Time to renew original spirit of Earth Day
Forty- five years ago, people were sick and dying from air and water pollution. Industrialization was at its height. Garbage was dumped into rivers and bays, sewage flowed straight into the ocean, toxic chemicals from factories and leaded gasoline exhaust from cars were fouling the air. The Cuyahoga River in Ohio was so polluted it caught on fire. Off the Santa Barbara coast one of the worst oil spills soiled miles of coastline and killed thousands of birds and fish.

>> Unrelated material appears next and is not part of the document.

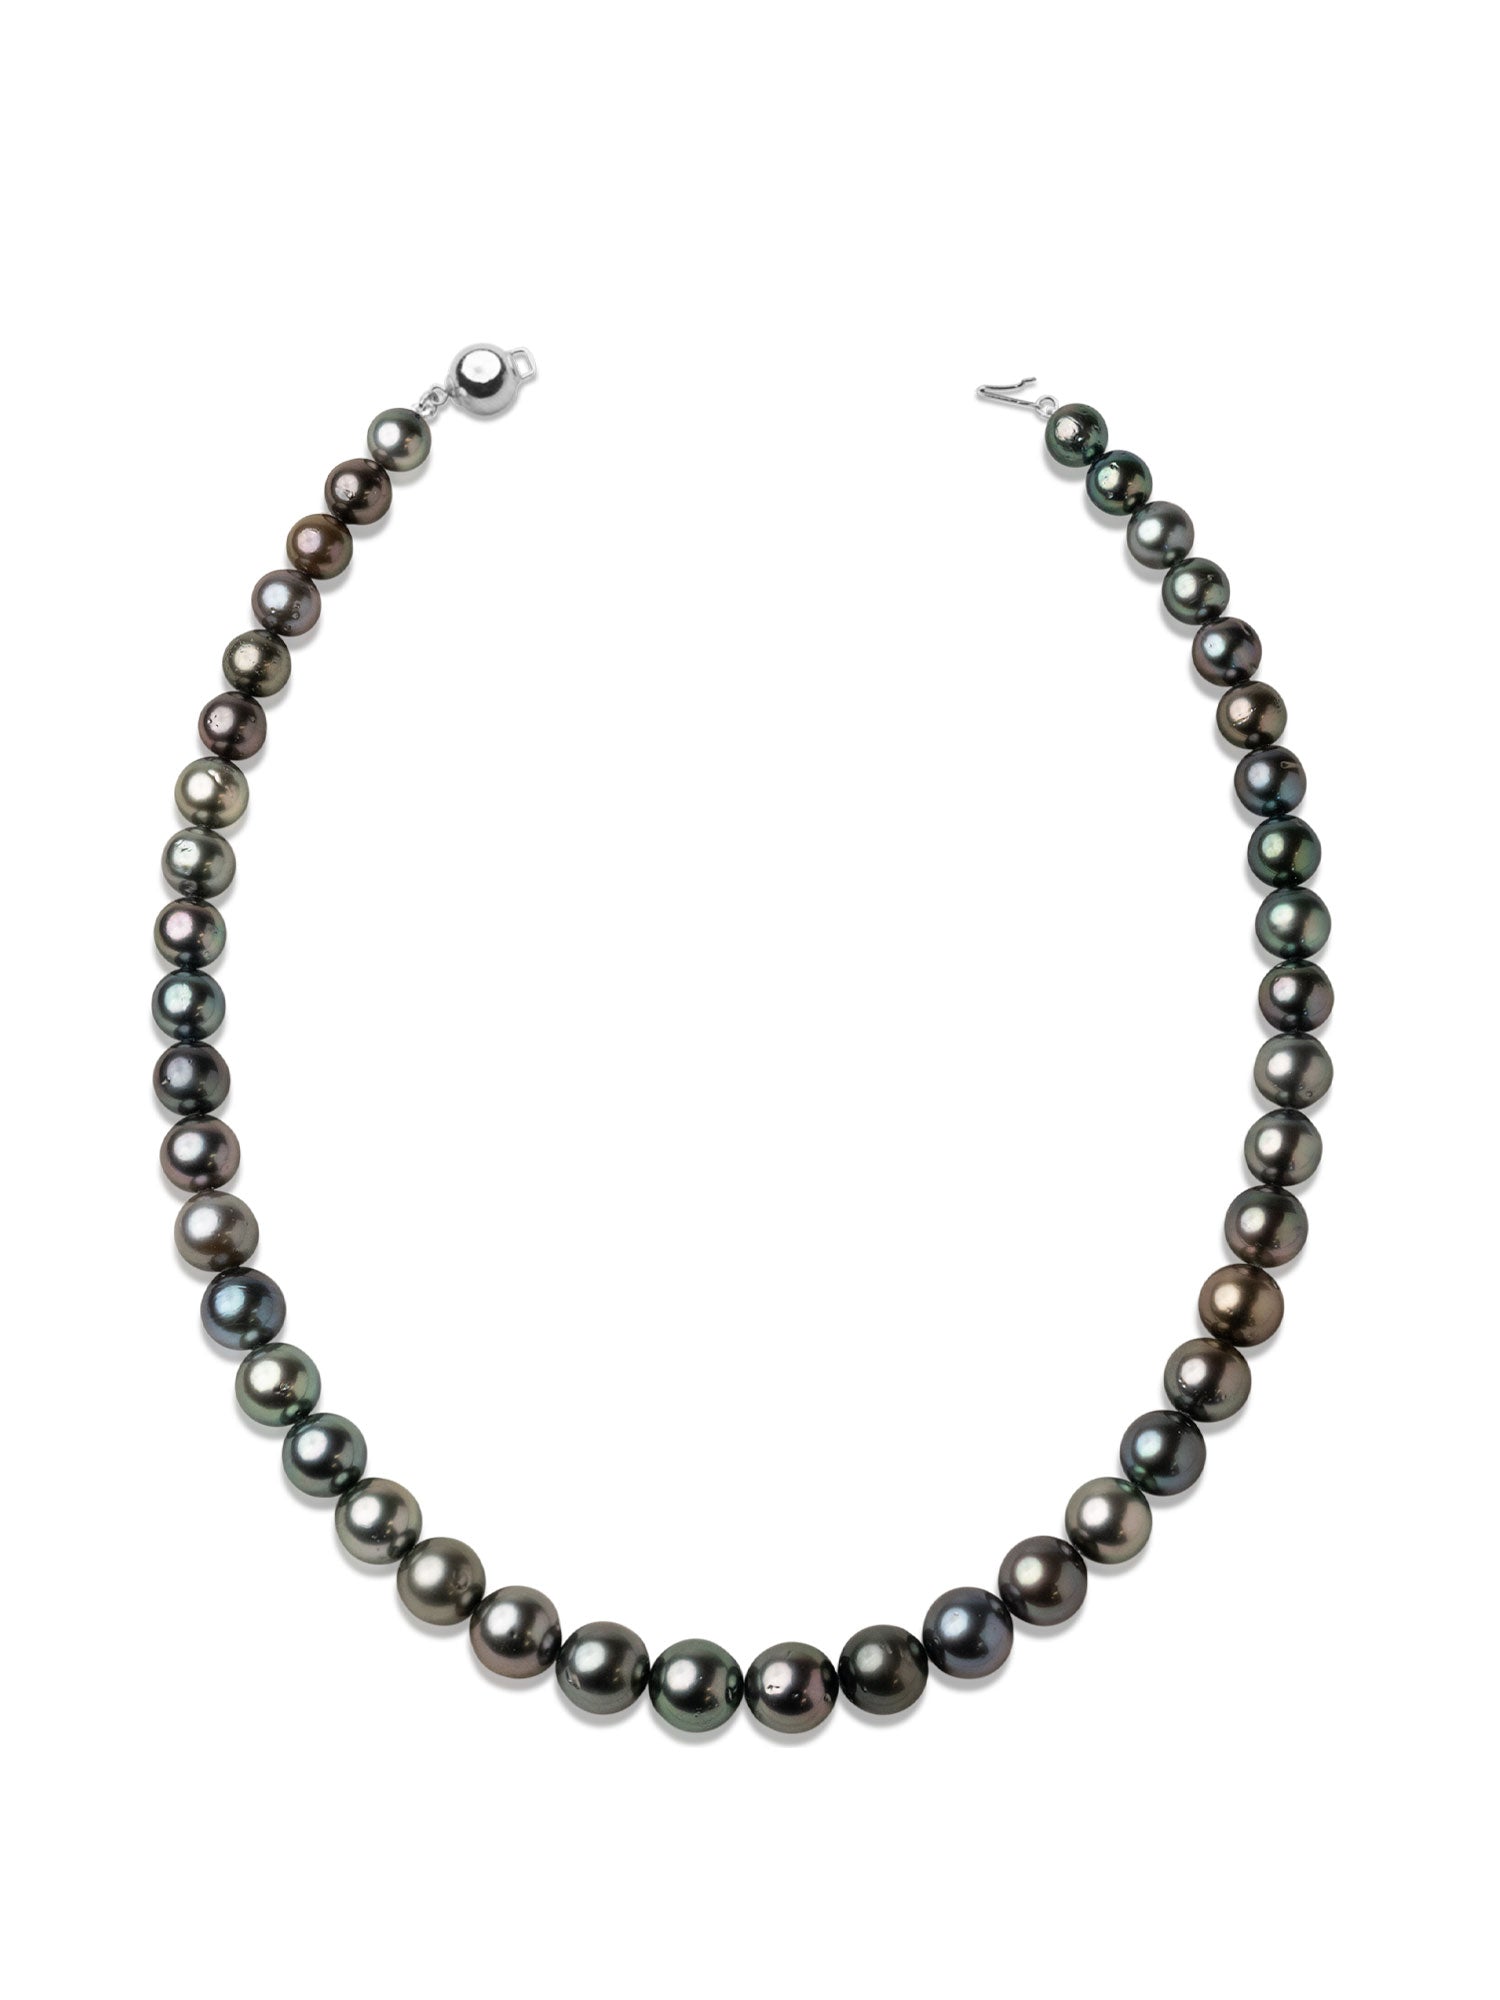 Collar de perlas cultivadas naturales Tahití redondas de 8,5 a 11,2 mm de colores verdoso, gris y bronce

Sen . Gaylord Nelson of Wisconsin had witnessed the Santa Barbara oil spill and came up with the idea to combine the energy of the anti- Vietnam- war movement with public awareness about pollution in order to put environmental protection on the political agenda. He turned to U. S. Rep. Pete McCloskey, a Republican who represented the Peninsula, and to Denis Hayes, a young Stanford graduate and activist, to create a national teach- in on the environment.
Hayes built up a large staff across the country and worked with thousands of universities, colleges and schools to promote the event. On April 22, 1970, 20 million Americans marched in the streets to protest against environmental ignorance and pollution.
The mood in the country was ripe for environmental protection and regulations. In the 1970 election, seven of 12 members of Congress with dismal environmental policy records, dubbed the “Dirty Dozen” by the Earth Day movement, lost their seats. Landmark environmental laws, including the Clean Air Act, Clean Water Act, Endangered Species Act, Marine Mammal Protection Act, and Estuary Protection Act, were signed by President Richard M. Nixon, a Republican.
McCloskey says the Earth Day movement resulted in the defeat of corrupt politicians and spurred a quarter century of bipartisan environmental legislation.
Unfortunately, since the mid- 1990s, many members of Congress have spent their energy trying to tear down these protections and do nothing about climate change.
For two decades we have failed to create an international treaty on climate change mitigation. The U. S. didn’t sign on to the Kyoto Protocol. Summits in Rio and Copenhagen ended with basically nothing. This year leaders from around the world will meet in Paris to negotiate an agreement that would cut greenhouse gas emissions and limit warming to two degrees Celsius above pre- industrial levels, a level scientists say is necessary to avert the worst effects of climate change.
2014 was the hottest year on record. Temperatures over land and ocean surfaces were the highest since scientists started recording them in 1880. Strange weather has made headlines around the world. We’ve seen polar vortices and tornadoes in the Midwest, massive snow storms on the East Coast, rapidly shrinking sea ice at the North and South poles, record hurricanes and cyclones over the Pacific and Indian Oceans, flooding in Asia, and extreme droughts in Africa and right here in the western United States. Even in California, where we are used to a dry climate, we didn’t expect four consecutive years of exceptional drought. Scientists call this the “new normal” — in a warming world we have to expect the unexpected.
Sea level rise, ocean acidification, species extinctions, erratic weather events, decreased agricultural yields, harm to human health and lower worker productivity are real and costly consequences of climate change.
It is past time that we reclaim the spirit of the original Earth Day and make 2015 a year of bipartisan action to preserve our natural resources and the health of our planet. We owe it to future generations.